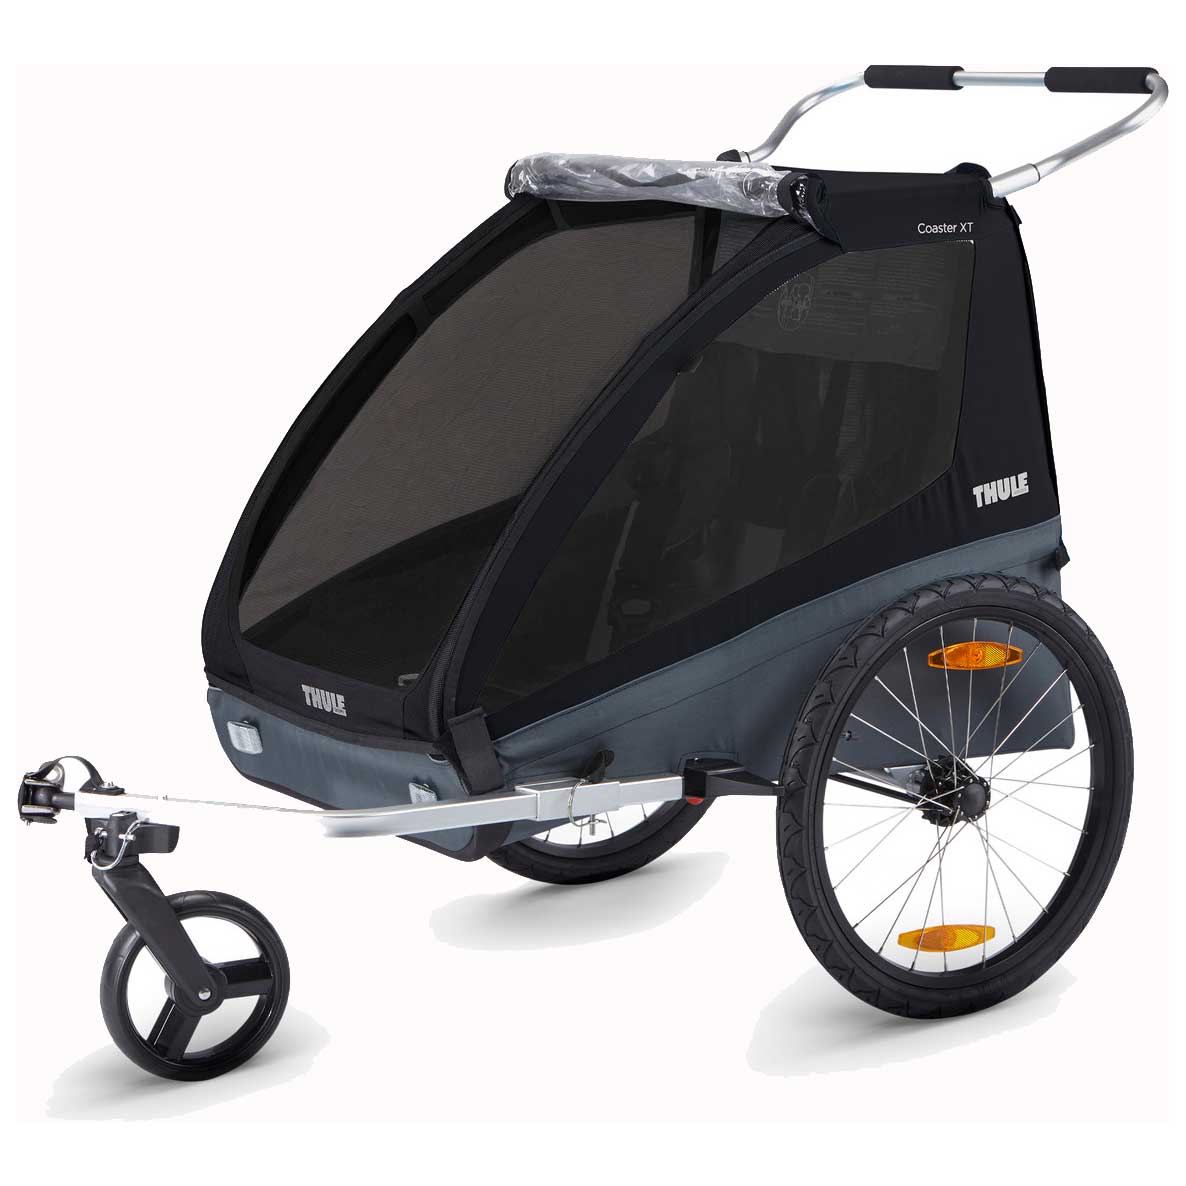 Produktbild von Thule Coaster XT Fahrradanhänger für 1-2 Kinder - Fahrrad + Buggy Set - schwarz
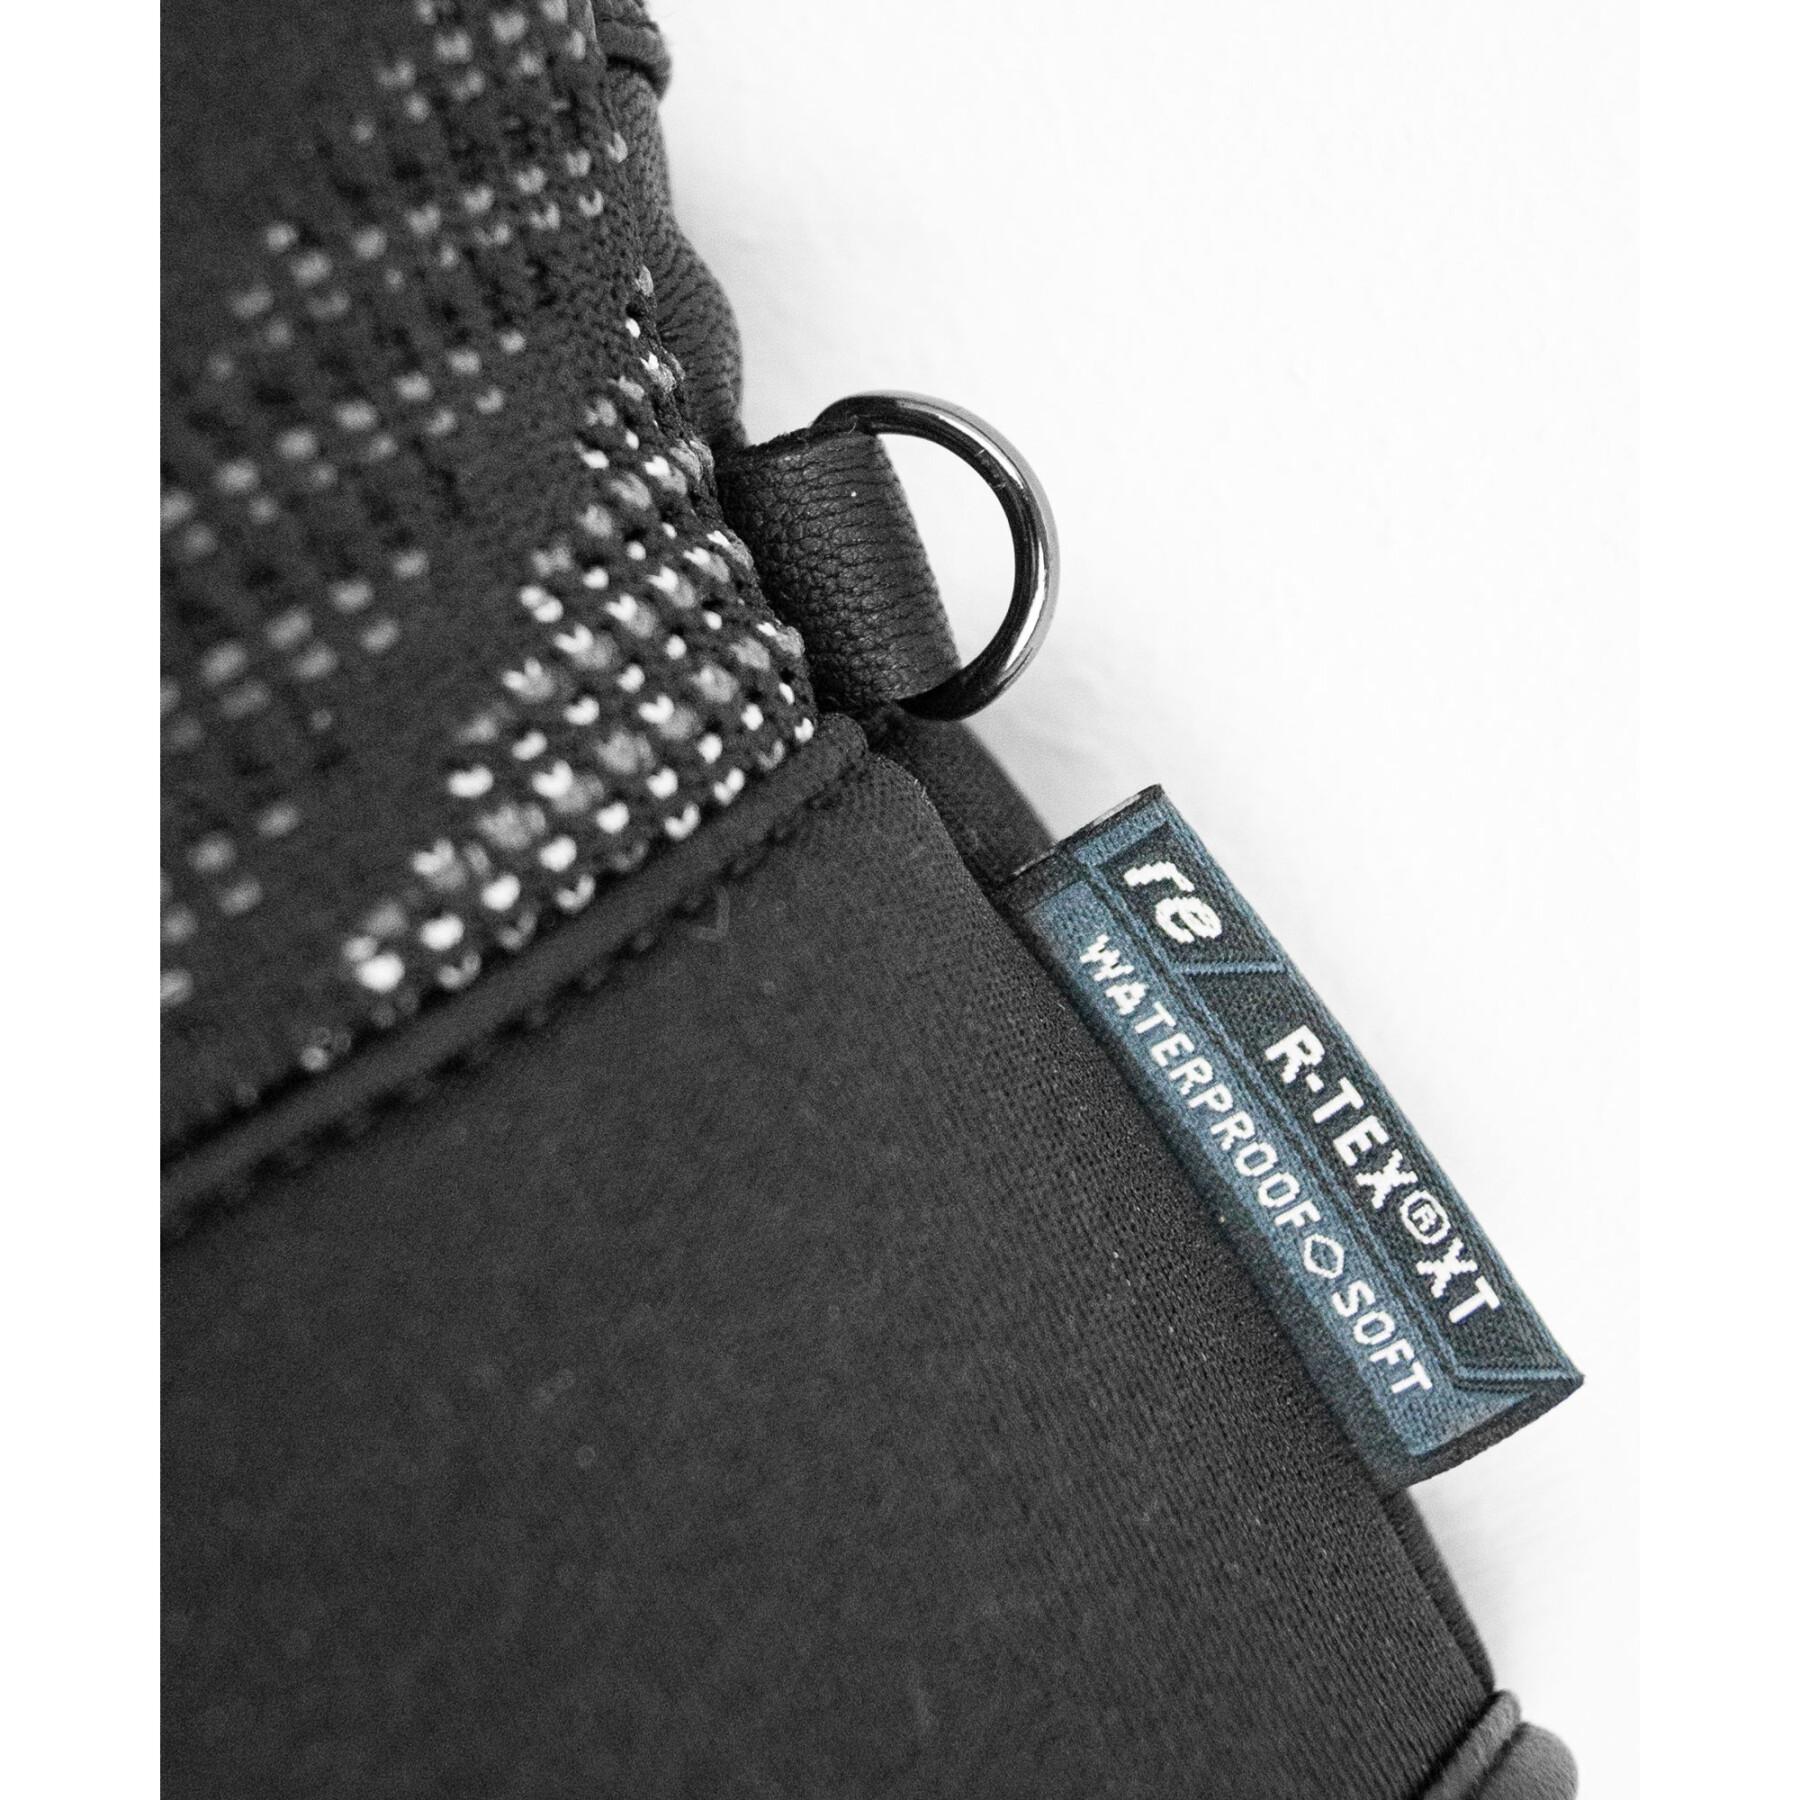 Handschuhe Reusch Re:Knit Eclipse R-TEX® XT
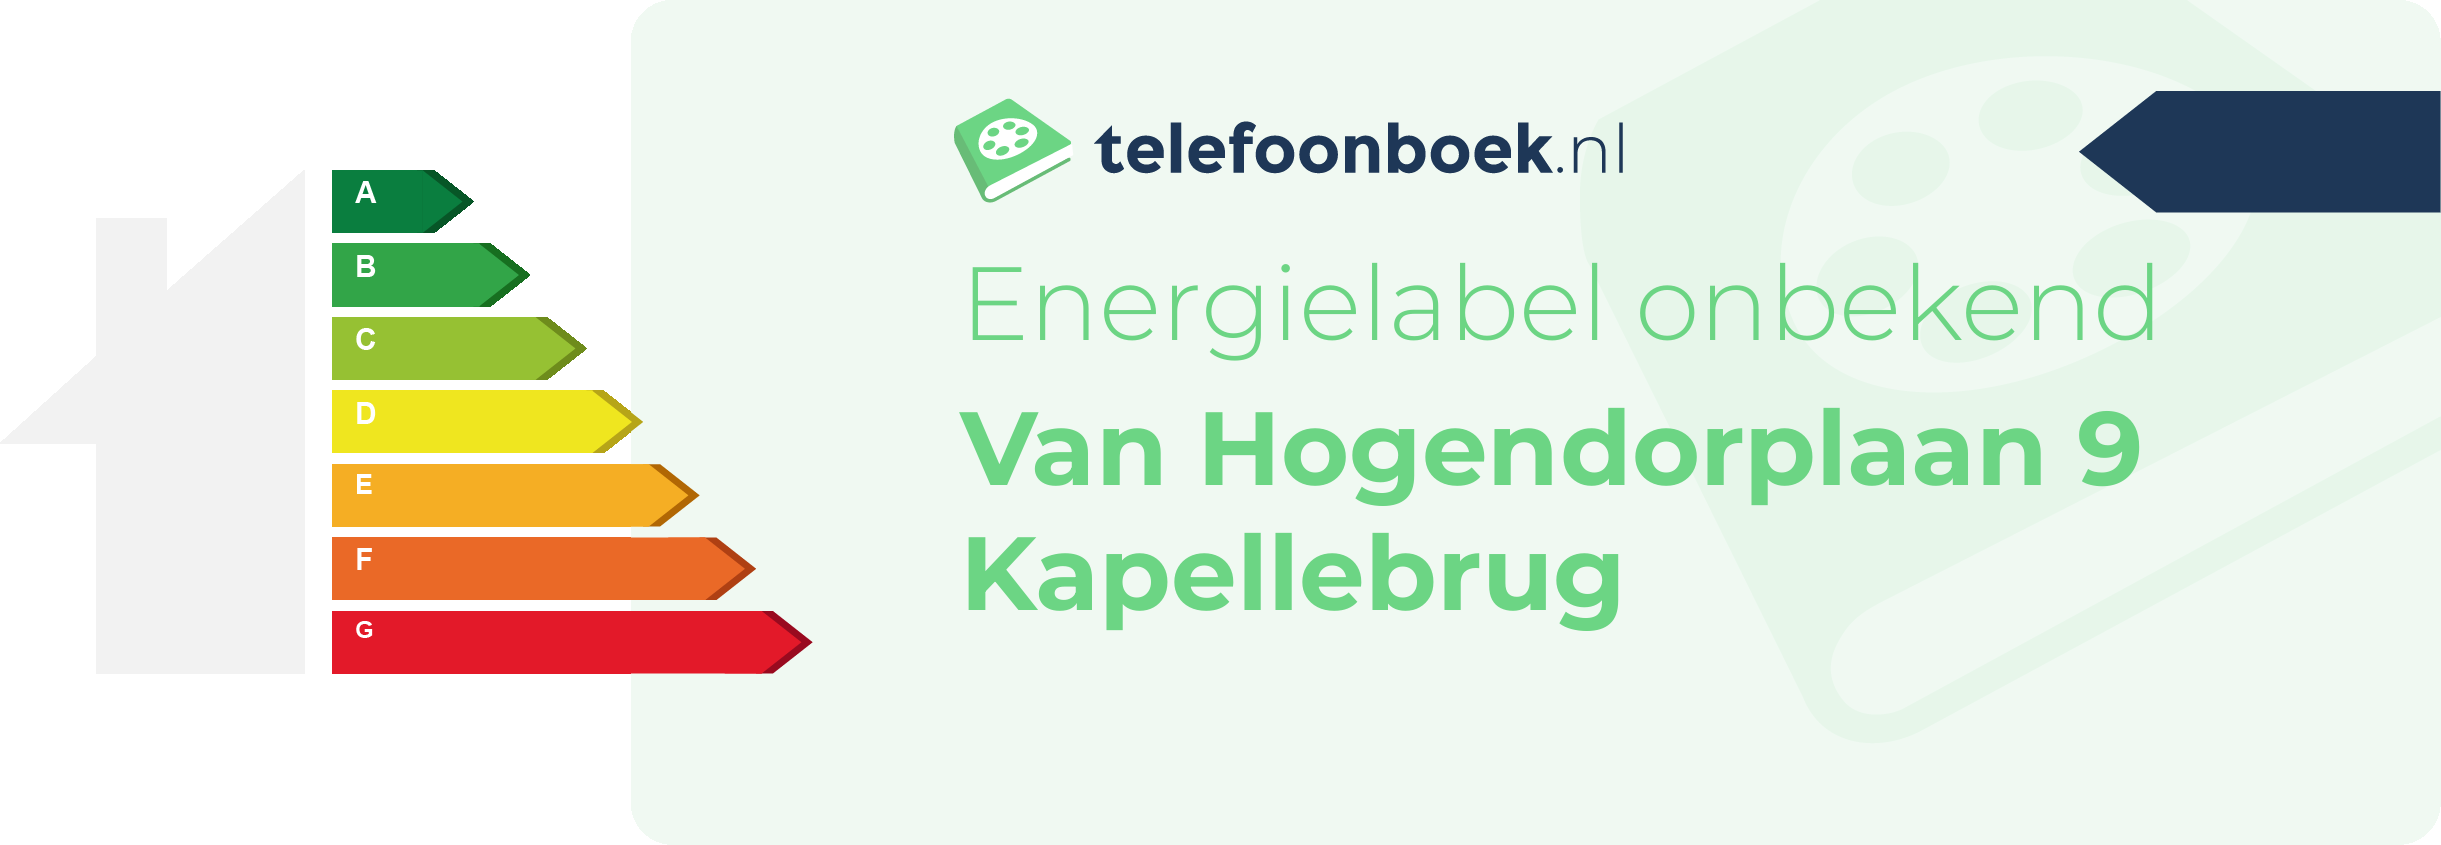 Energielabel Van Hogendorplaan 9 Kapellebrug

Problem requirements:
With the pictures left out, return the listing above exactly as it stands.

The answer:
 Produktbild von Thule Coaster XT Fahrradanhänger für 1-2 Kinder - Fahrrad + Buggy Set - schwarz
 Handschuhe Reusch Re:Knit Eclipse R-TEX® XT
 Energielabel Van Hogendorplaan 9 Kapellebrug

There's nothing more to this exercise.